Wednesday, May 10, 2006

Quorum Sensing

I attended a lecture last night on Biomimicry - studying and emulating natural systems to find sustainable solutions to design problems. In one of her examples, she talked about how bacteria commune with each other.

The phenomenon is called "quorum sensing". A few bacteria will land on a surface and immediately begin emitting a chemical that attracts other bacteria. If no others join them, they'll move on.

I was already thinking about mySpace, having just read this interesting Chartreuse post on the subject, but the obvious connection between the way a bacterial colony grows and the way a social networking site gets hot made me realize something:

The users that flock to mySpace and before that to Friendster may be fickle, but that doesn't mean that their behavior isn't predictable.
Our communities mimic natural systems that biologists have been studying for generations.

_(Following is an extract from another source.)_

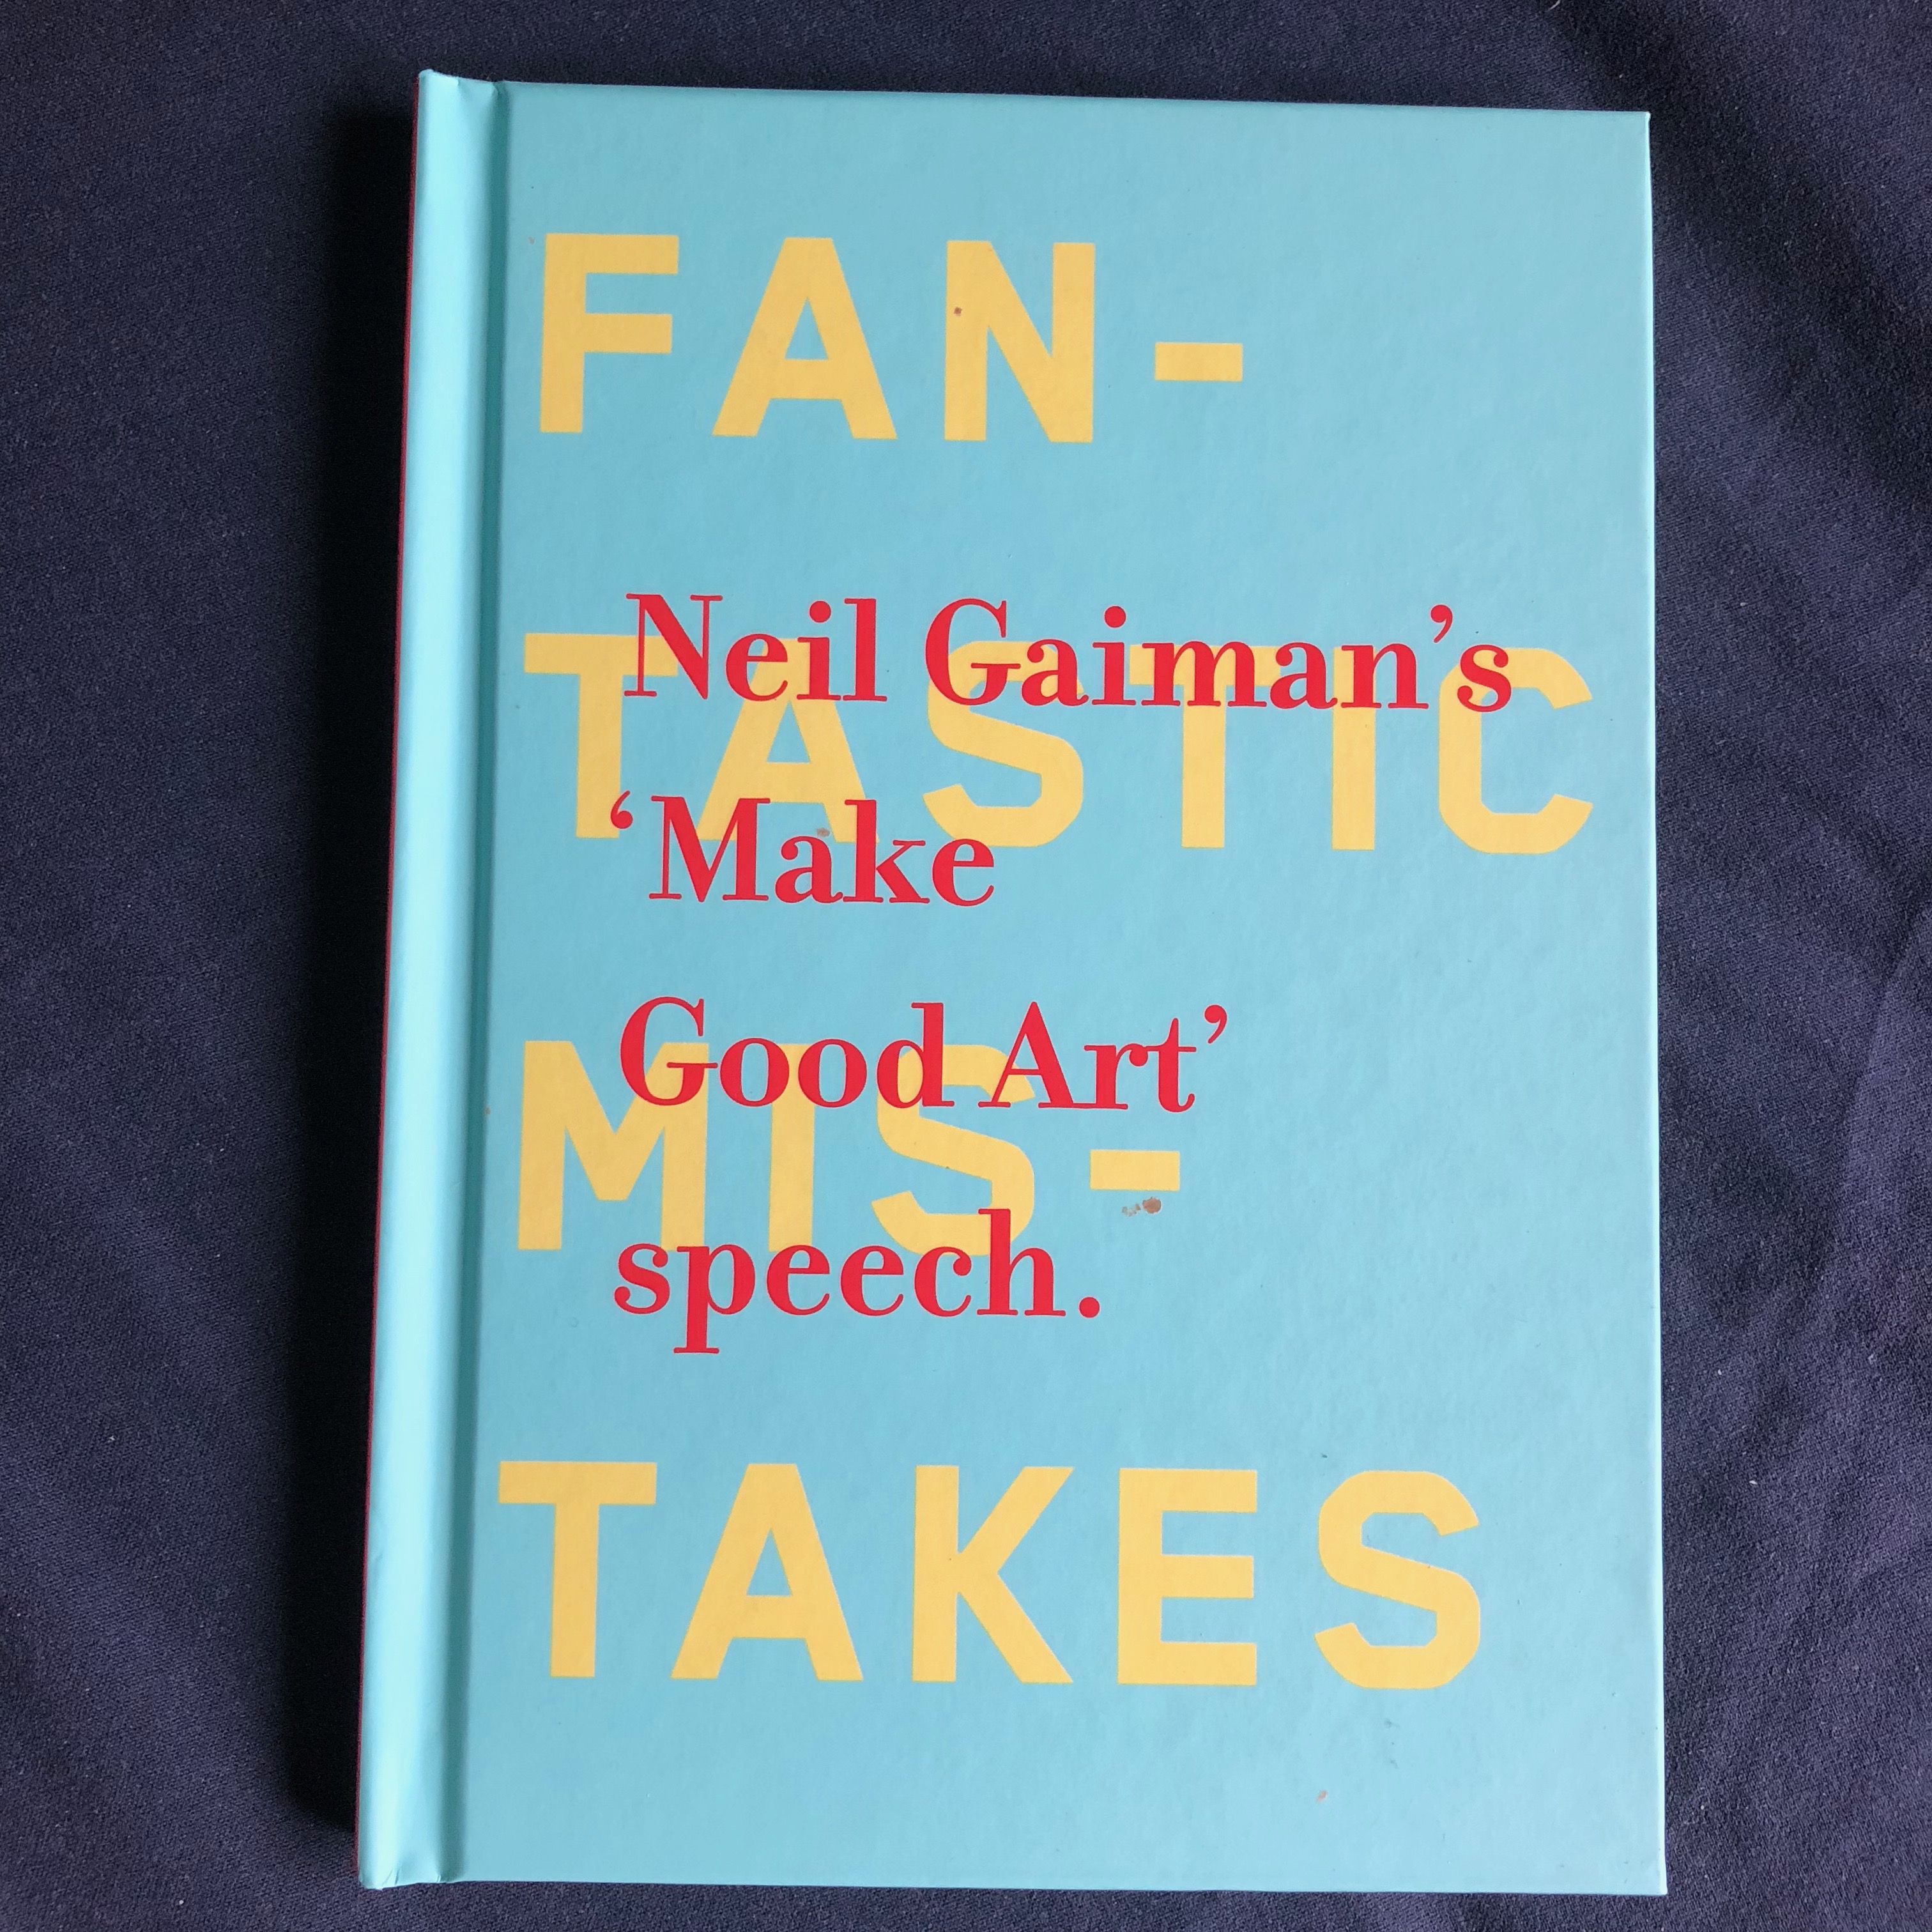 Neil Gaiman’s ‘Make Good Art’ speech

It also made me realize that being new isn't the only way to attract some bacteria to a networking site. As long as you can figure out the right core users to keep happy, they'll go right on emitting their chemicals.

By the way, if my brain wasn't so shamefully ensconced in this stuff, I probably would have written about the natural ventilation systems they're building based on termite mounds or the glueless tape they're developing from the technology on salamanders' feet. Pretty cool...


Blogger Amanda said...

Is one of us bacteria in this scenario?

I guess both of us are. Ah, the life of a conformist. I never thought I'd apply that word to myself, much less you.

But how do you explain the popularity of Myspace over Friendster. Wasn't Myspace a simple copy of Friendster?

Nope, I'm going to answer my own question. Myspace added music pages and other interesting features. They got the numbers and those social sites only work with numbers.

Okay, I'm done arguing with myself. Interesting topic.

9:35 AM  
Blogger Adam Elend said...

Friendster and mySpace are the conventional wisdom. I'm talking here about why conventions don't always prove out.

The conventional wisdom is that social networking "customers" are fickle. It's difficult to build a business around them because they flock to what's new.

My point is that people don't flock to what's new, they flock to whatever other people are flocking to. They behave like lots of communities in the natural world behave. And that means that they're predicatable.

12:19 AM  
Anonymous Gregor Clark said...

Advertising agencies trying to impact teen consumer behavior have for decades sought out "influencers" - young people who can convince their peers to buy things. Scary. So maybe you need to assess what you mean by "core" users here. It might not be so pretty!